Join the English Department's American Area for a lecture and lunch with
Richard Higgins (author of Thoreau and the Language of Trees, Thoreau's God)
Henry David Thoreau’s spiritual life is a riddle. Thoreau’s passionate critique of formal religion is matched only by his rapturous descriptions of encounters with the divine in nature. He fled the church only to pursue a deeper communion with a presence he felt at the heart of the universe. He called this illimitable presence many names, but he often called it God.
In Thoreau’s God, Richard Higgins invites seekers—religious or otherwise—to walk with the great Transcendentalist through a series of meditations on his spiritual life. Thoreau offers us no creed, but his writings encourage reflection on how to live, what to notice, and what to love. Though his quest was deeply personal, Thoreau devoted his life to communicating his experience of an infinite, wild, life-giving God. By recovering this vital thread in Thoreau’s life and work, Thoreau’s God opens the door to a new understanding of an original voice in American religion that speaks to spiritual seekers today.
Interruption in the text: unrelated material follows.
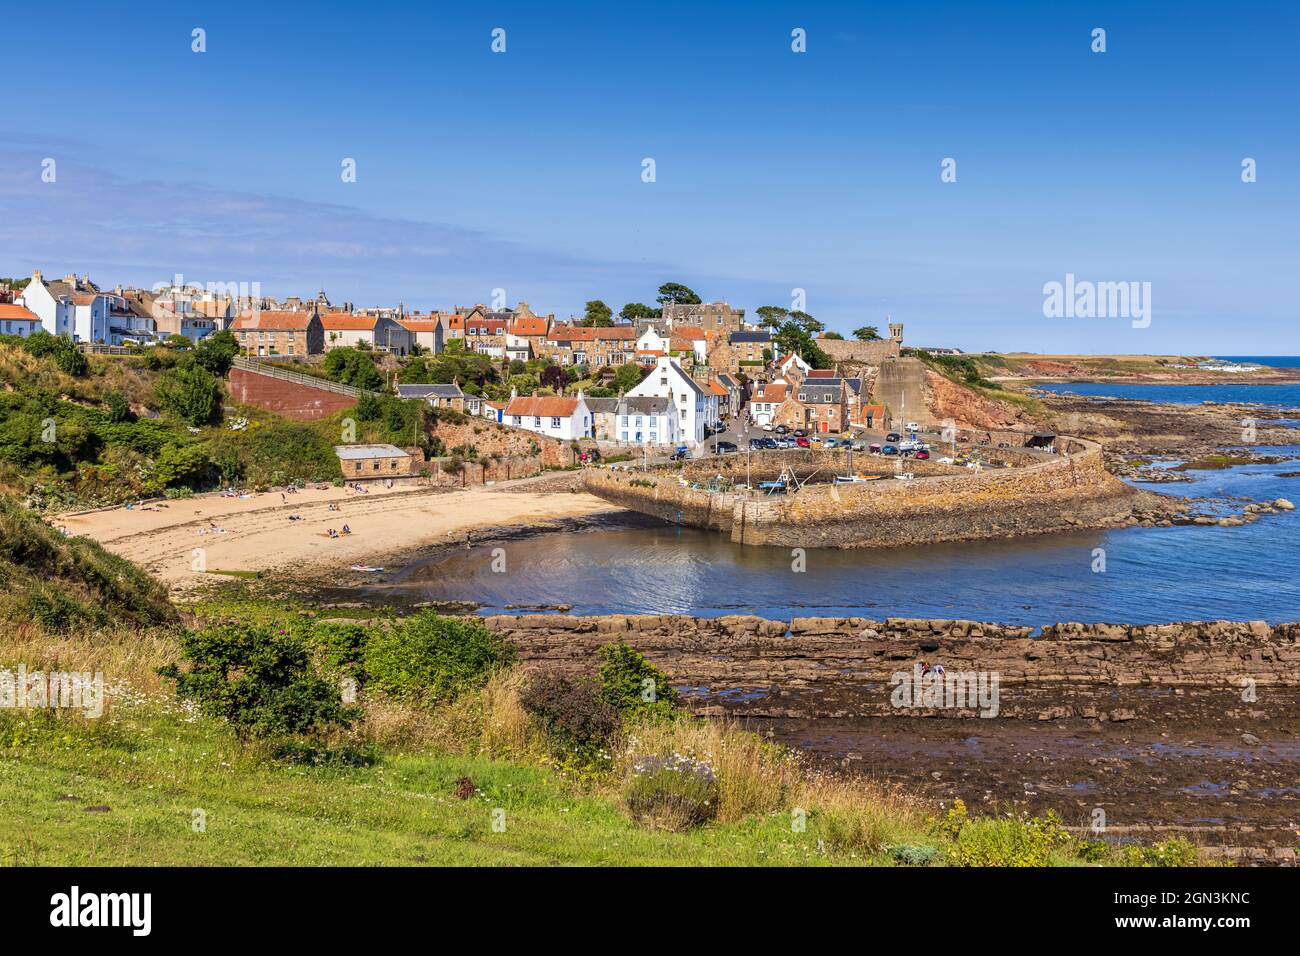 The historic fishing village of Crail, with its picturesque harbour, on the east coast of Fife, Scotland. Stock Photo

Laura Walls (Professor Emerita of English) says "If you have ever felt lost in this world of fractured faith, then pick up this book and let Higgins take you on a walk with one of America’s most profound and thoughtful religious writers: Henry David Thoreau. It won’t be an easy path, for Thoreau’s God lives in no church but out in a world of paradoxes. And Thoreau insisted that even the best of books can only point the way, through words poetic enough to say what cannot be said: that true religion lies not in what you profess, but in how you live. Higgins shows us a mind and heart at work during a troubled time, a fellow human being knocking at the door of God and hearing an answer that guided him for life.”
Richard Higgins is a former staff writer at The Boston Globe and the author or editor of four books, including Thoreau and the Language of Trees. His articles, essays, and reviews have appeared in the New York Times, Washington Post, Christian Century, and American Scholar.